Sequence analysis of FusB, which collaborates with the RRE (FusE) during leader peptide cleavage, yielded a considerably basic isoelectric point (pI = 10.7). Thus, we propose interaction of these two proteins is also driven, at least initially, by electrostatic attraction. To determine if this phenomenon was more widespread, we calculated the pI’s for all discretely encoded (i.e., non-fused) RRE proteins, leader peptidases, and lasso cyclases identified by RODEO (Fig. S22). While lasso cyclases exhibit neutral pI’s (7.4 ± 1.1), RRE proteins are notably acidic (4.7 ± 1.2) and the leader peptidases are strongly basic (10.5 ± 1.1). Within a given lasso peptide BGC, the difference in pI between the two interacting proteins was considerable (5.7 ± 1.8). This phenomenon is widespread across nearly 2,000 examined lasso peptide BGCs and thus certainly not specific to the fusilassin pathway.

By leveraging the 2018 RODEO-derived dataset, we had a sufficient number of lasso peptide biosynthetic protein sequences to probe co- evolutionary relationships between FusB and FusE in a statistically relevant fashion. GREMLIN analysis on the concatenated protein sequences identified 5–6 residues within FusB and E that were under predicted co-evolutionary pressure (Fig. S20). To evaluate the relative contribution of these residues, we conducted an MS-based leader peptidase cleavage assay that requires both FusB and FusE (Fig. 2A). Under the conditions employed, wild-type FusE orchestrated the efficient delivery of FusA to FusB (Fig. 5). The most statistically probable interaction identified by GREMLIN with FusB involved FusE-Tyr33. Substitution with Ala led to no observed leader peptide cleavage. It is notable that FusE-Y33A has affinity for FusA equal to wild-type FusE (Table S3), which is supported by structure homology arguments as this site does not reside on either the β3 or α3 secondary structure of FusE (Fig. 4).

Figure 5. — MALDI-TOF-MS was used to monitor leader peptidase activity of FusB and a panel of GREMLIN- and structure-derived FusE variants. Variants demonstrated differing degrees of enzymatic processing, supporting our GREMLIN predictions. SGS refers to the N-terminal Ser-Gly-Ser motif remaining after TEV protease cleavage of MBP-FusA.

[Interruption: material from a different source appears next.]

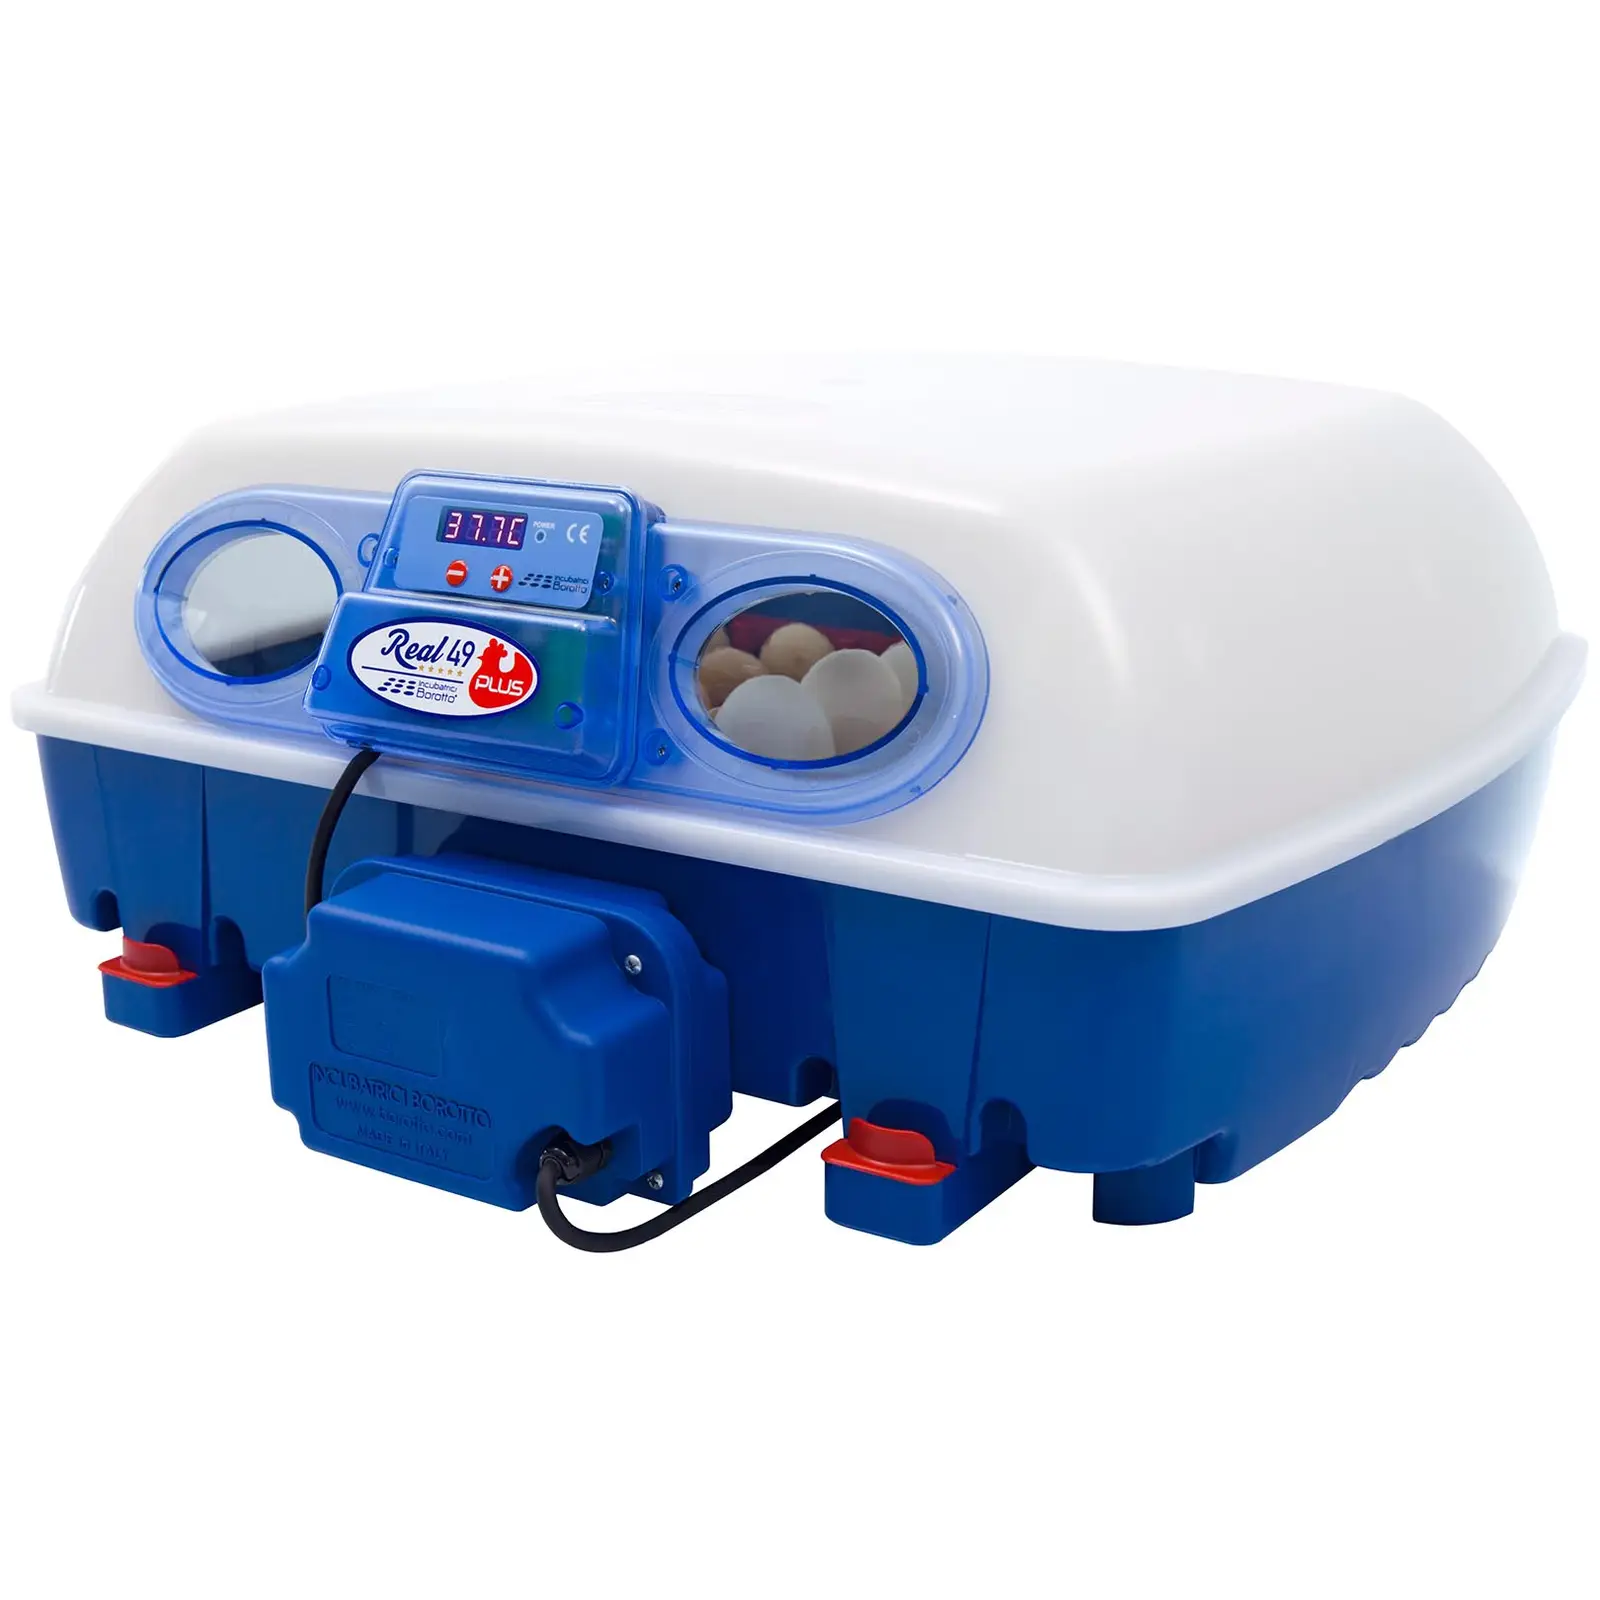 Incubator - 49 eggs - fully automatic - antimicrobial biomaster protection

The second most strongly FusB-correlated residue of FusE was Gly31, which did not influence leader peptide cleavage upon Ala-substitution. However, replacement of Gly31 with Val nearly abolished leader peptidase activity. This variant only exhibited a minor reduction in leader peptide-binding (2–fold); therefore, we predict it also plays a direct role in FusB-binding (Table S3; Fig. 5). In proximity to the ₃₁GxY₃₃ motif was FusE-Leu26, which we had previously substituted with Ala to evaluate FusA_leader-binding (Fig. S21). This variant abolished leader peptidase activity, but the same was not true for the nearby V24A variant, which would theoretically occupy the same face of the β2 strand (Fig. 4).

Bioinformatic insight into lasso cyclases.

The bioinformatically mined lasso cyclases are visualized in the form of maximum likelihood trees and a sequence similarity network (Figs. S23–24). As noted previously, many lasso peptides are found within the actinobacteria, proteobacteria, and firmicutes phyla with minimal evidence of horizontal gene transfer. Other bacterial and archaeal phyla are represented at lower frequencies. Upon viewing the tree color-coded by the identity of the macrolactam acceptor residue (Asp or Glu), we first noted that many clades display a dominant acceptor identity while a few contain a more balanced representation of the two types. Further, Asp- and Glu-specific lasso cyclases are interspersed throughout the tree, meaning that there is no global sequence distinction between enzymes that prefer one acceptor type over the other.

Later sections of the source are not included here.